A Conversation Between Two Lonely Makeup Brushes
Blush Brush (“BB”): “I just don’t get it. We’ve been sitting here for months and months and she hasn’t even picked us up. Look at us!! All spiffy clean and we even put pretty ribbons around our necks -- still she ignores us. What’s going on?”
Powder Brush (“PB”): “You Blush Brushes can be so hyperbolic sometimes. Comes from all that colorful pigment you absorb, no doubt. I don’t think it’s been months and months; it just seems that way. I don’t know, but something’s wrong. She hasn’t been going anywhere lately.”
BB: “I know. No dinner parties, no restaurants, no operas, no weekends in New York. I miss New York. I always do an extra special job for her when we’re there so she can look her best. I take pride in my work. Of course, she’s been wearing her LeClerc coral lipstick every day. I hate that lipstick! She’s such a snob. I don’t like even being in the same makeup case with her, not that she ever deigns to speak to me.”

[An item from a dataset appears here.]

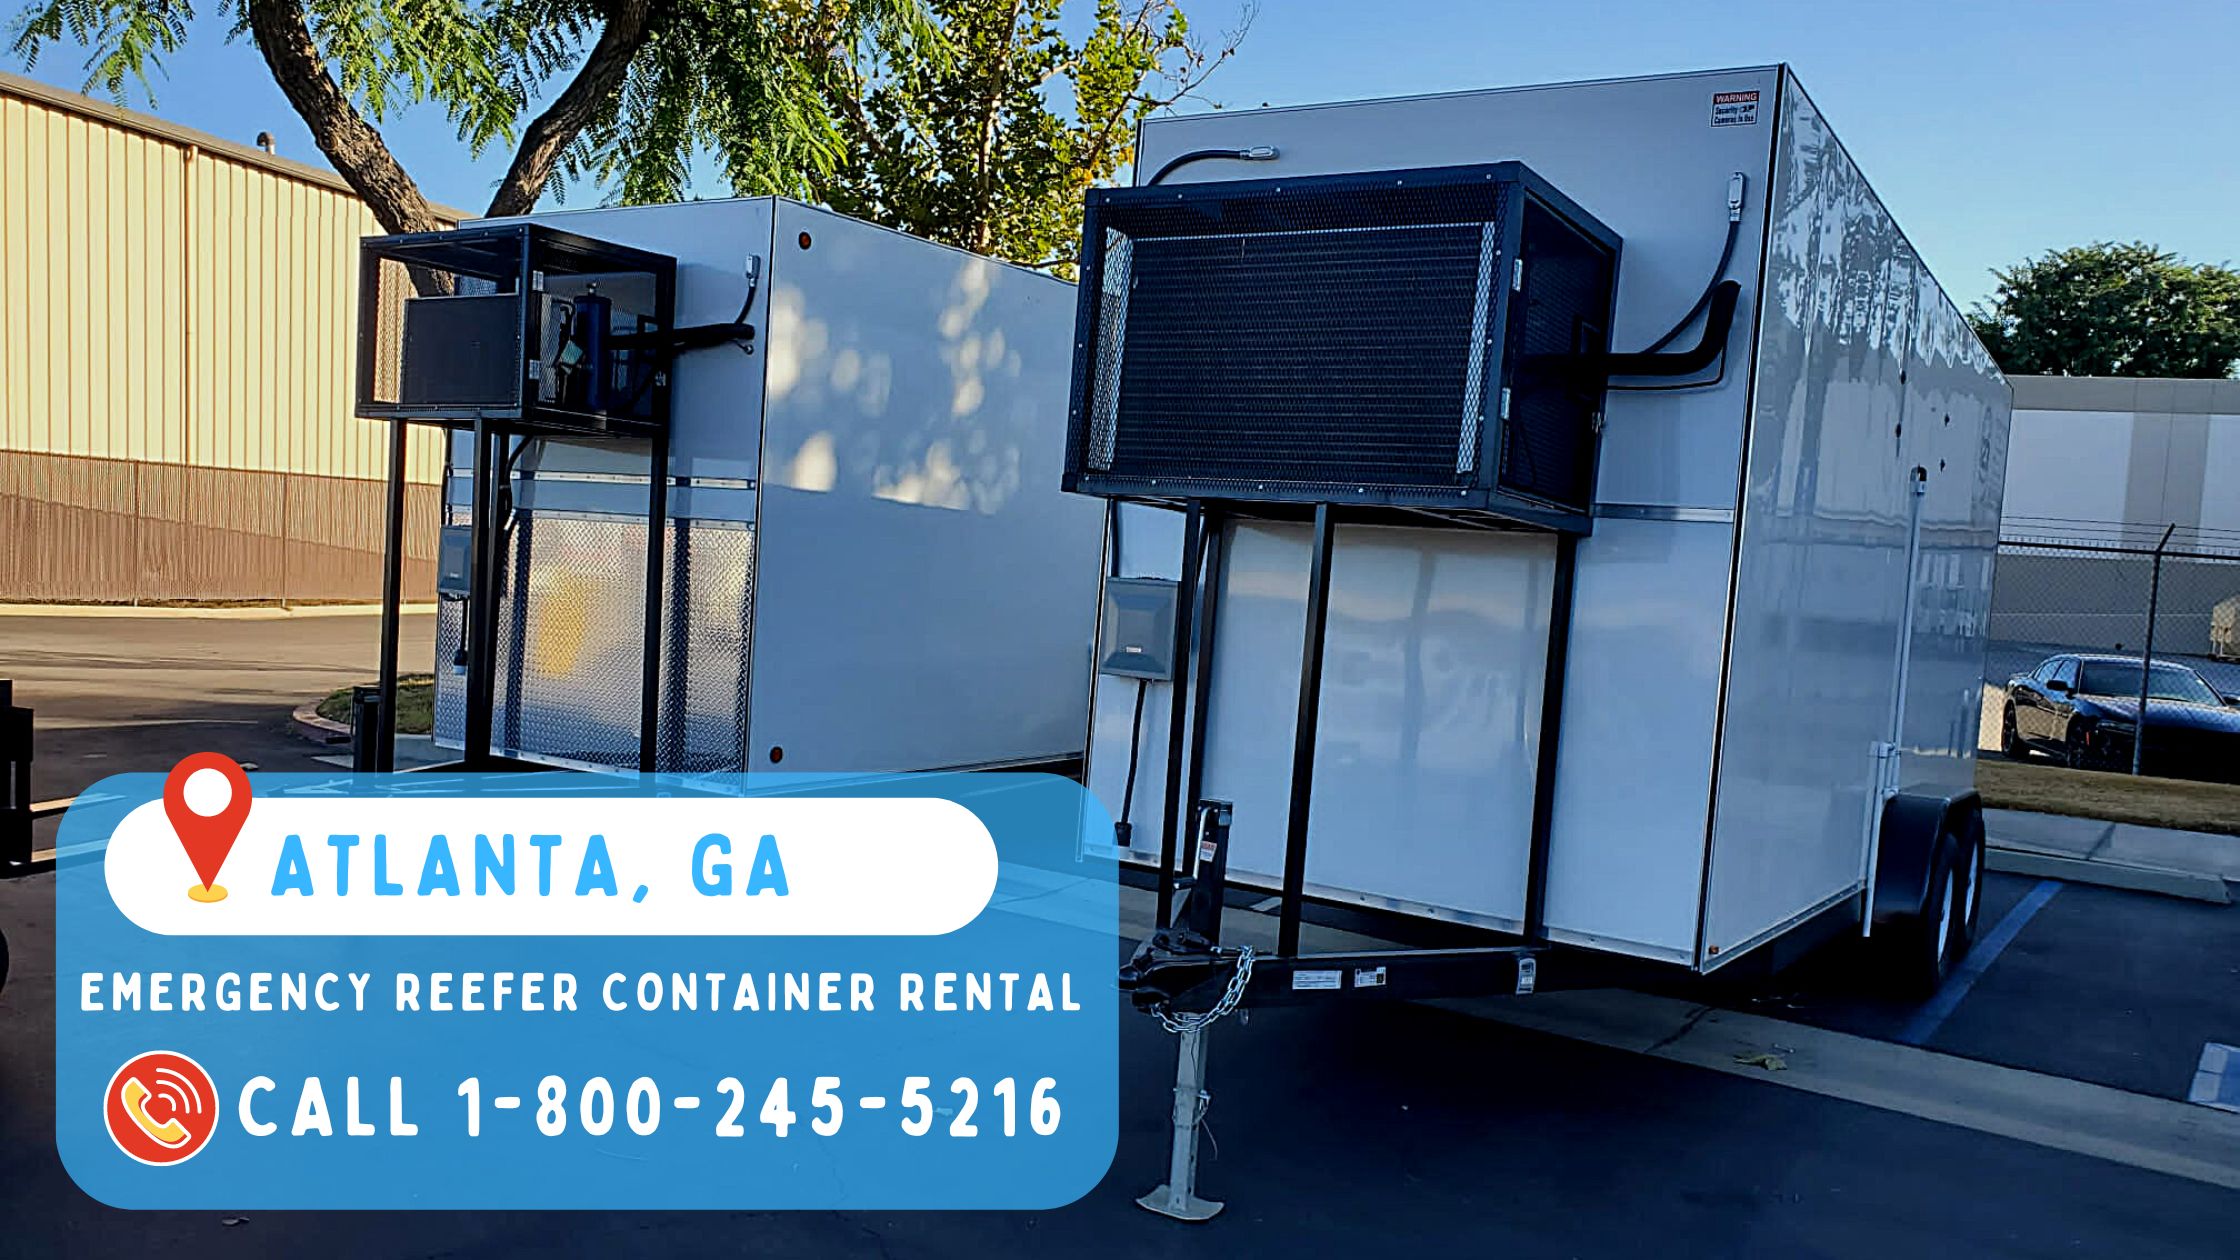 Emergency reefer container rental in Atlanta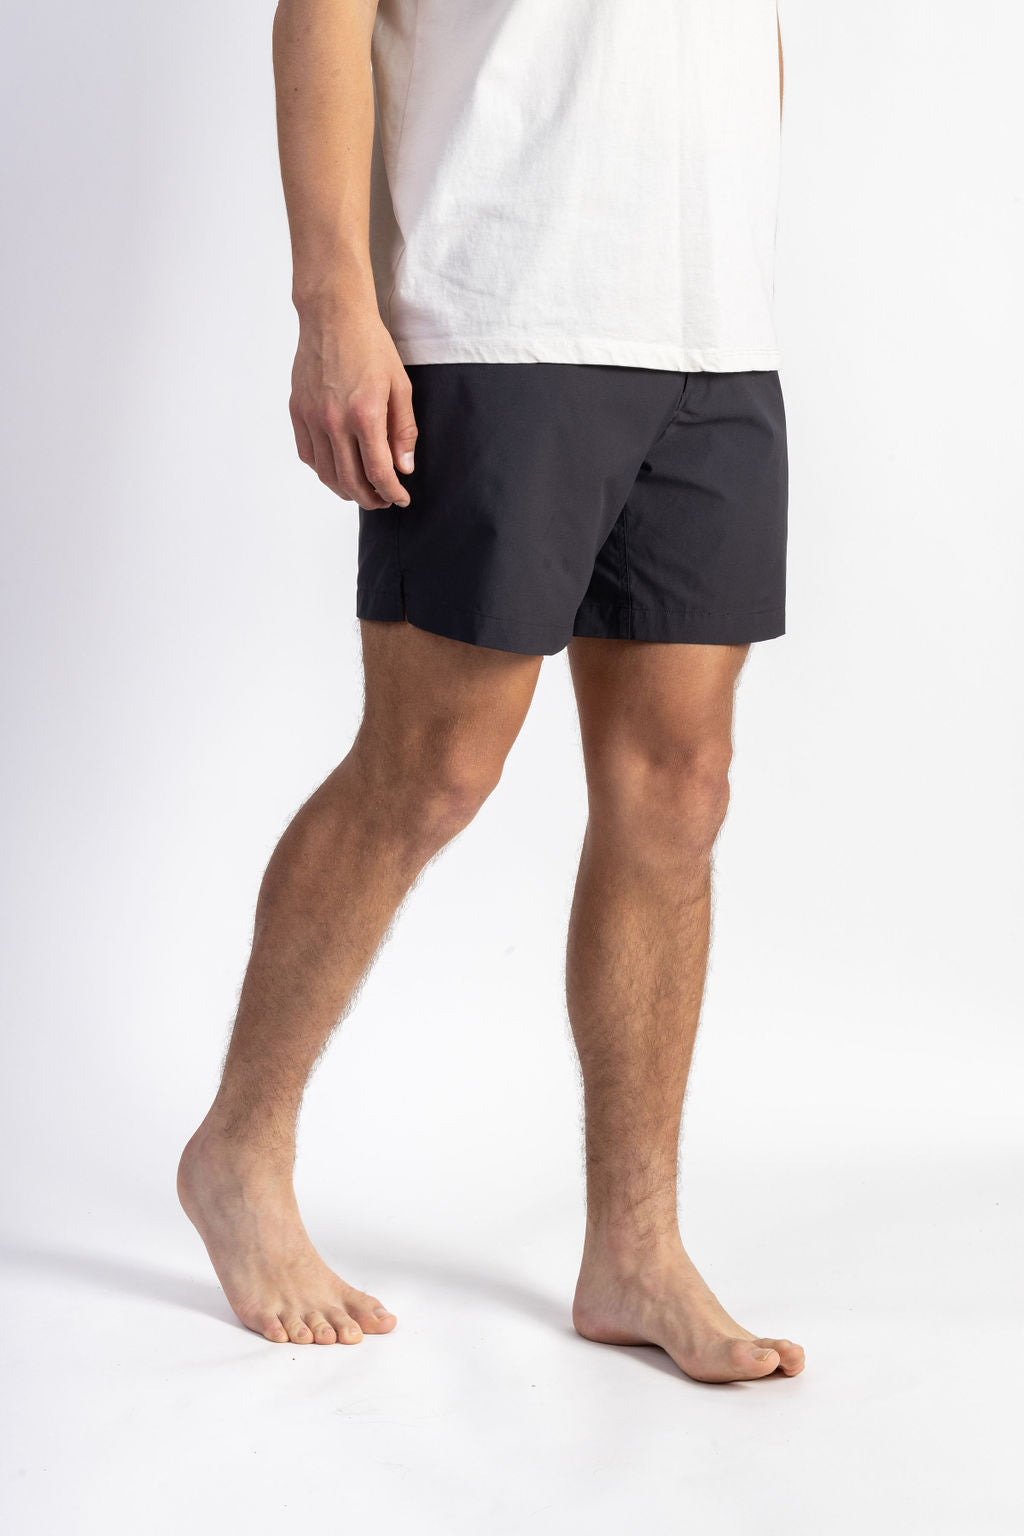 A man wearing a Black walk short underwear with white shirt

PB: “What do you expect? She’s French. All those French lipsticks are the same. Think they’re better than everyone else.”
BB: “I miss dipping my head in that beautiful peachy color she wears and rubbing it all over her soft cheeks.” (sigh!)
PB: “And I get to rub her whole face. I miss that, too.” (sigh!)
BB: “Do you think things will ever get back to normal?”
PB: “I certainly hope so. I need to get back to work.”